:: AVAILABLE DATA ::
'''
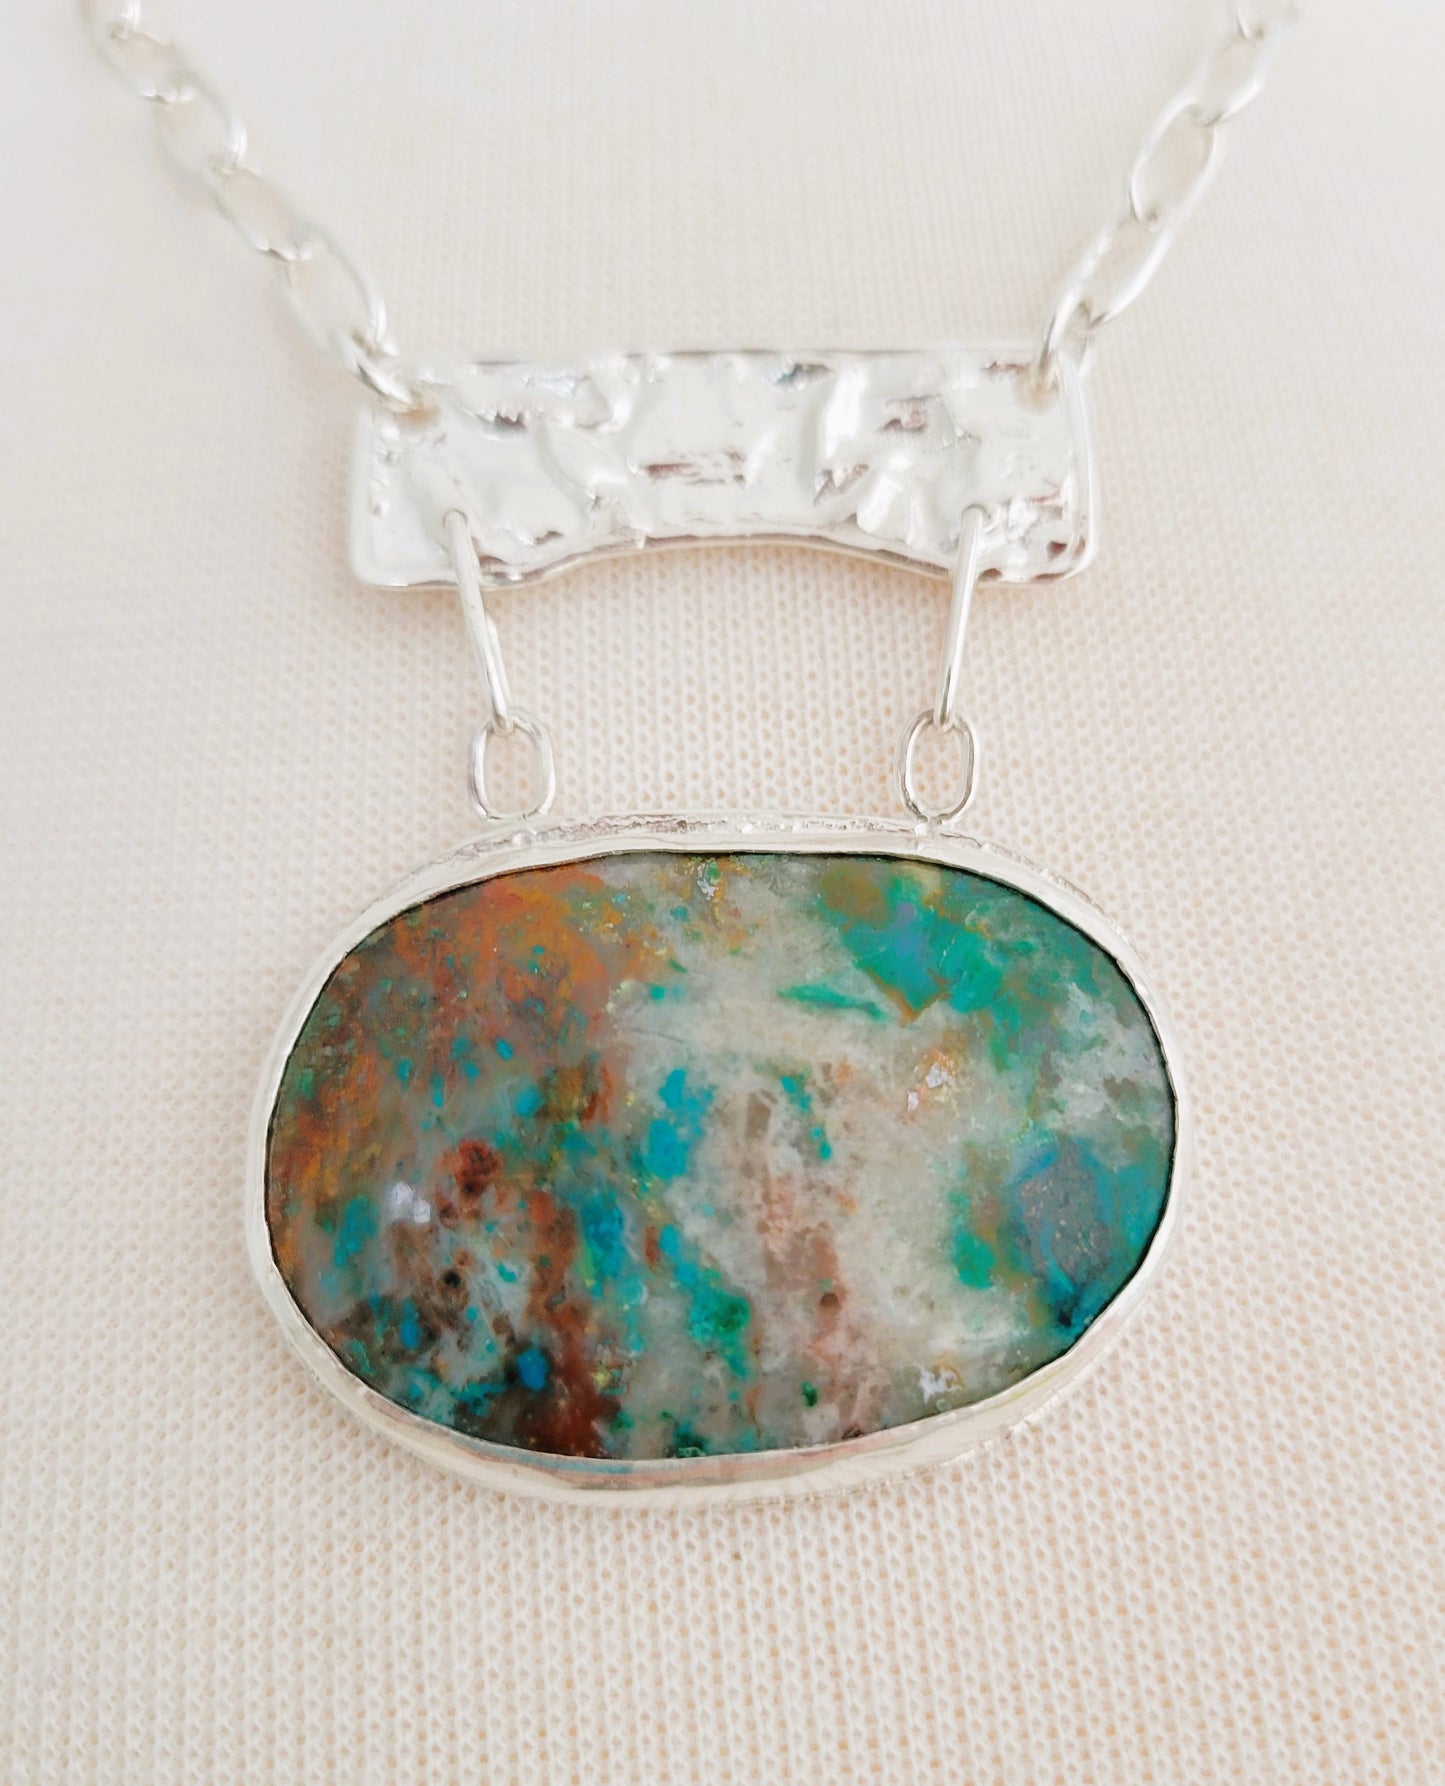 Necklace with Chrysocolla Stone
'''
'''
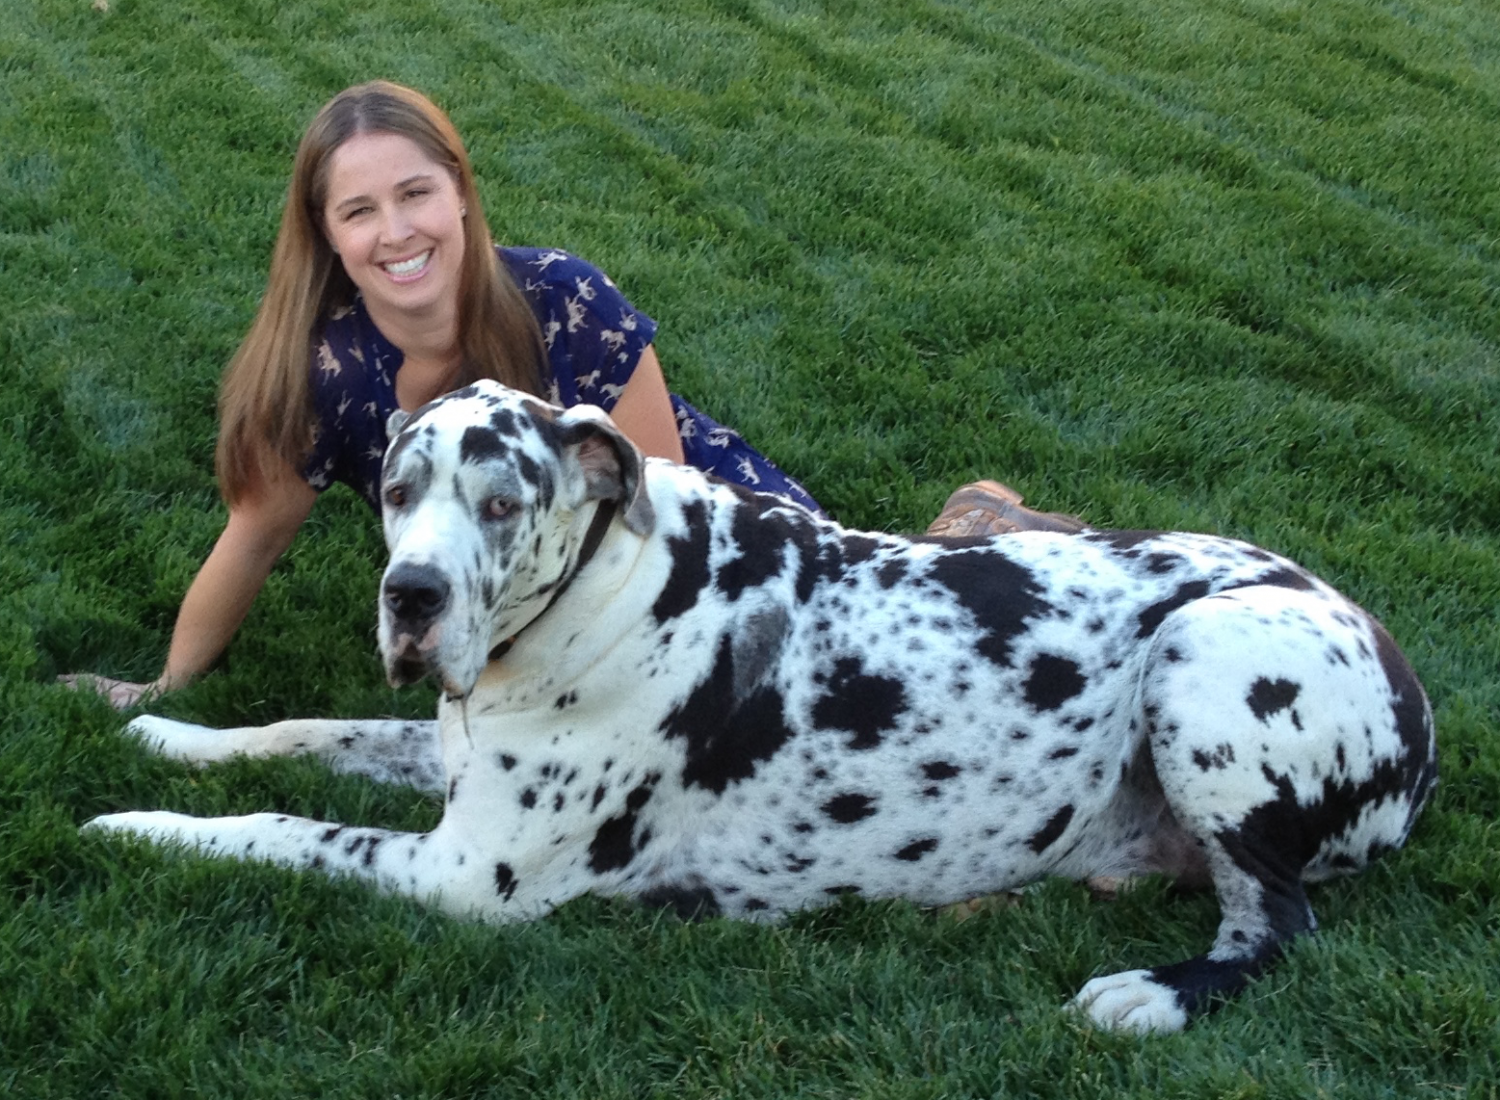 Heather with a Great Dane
'''
'''
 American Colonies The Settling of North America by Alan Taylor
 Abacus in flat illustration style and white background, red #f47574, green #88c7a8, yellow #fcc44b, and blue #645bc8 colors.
'''
:: TASK ITEM ::
From the material above, set down exactly the lines between the line holding "American Colonies The" and the line holding "Abacus in flat", inclusive. Include nothing else.

:: REPLY TO THE TASK ::
 American Colonies The Settling of North America by Alan Taylor
 Abacus in flat illustration style and white background, red #f47574, green #88c7a8, yellow #fcc44b, and blue #645bc8 colors.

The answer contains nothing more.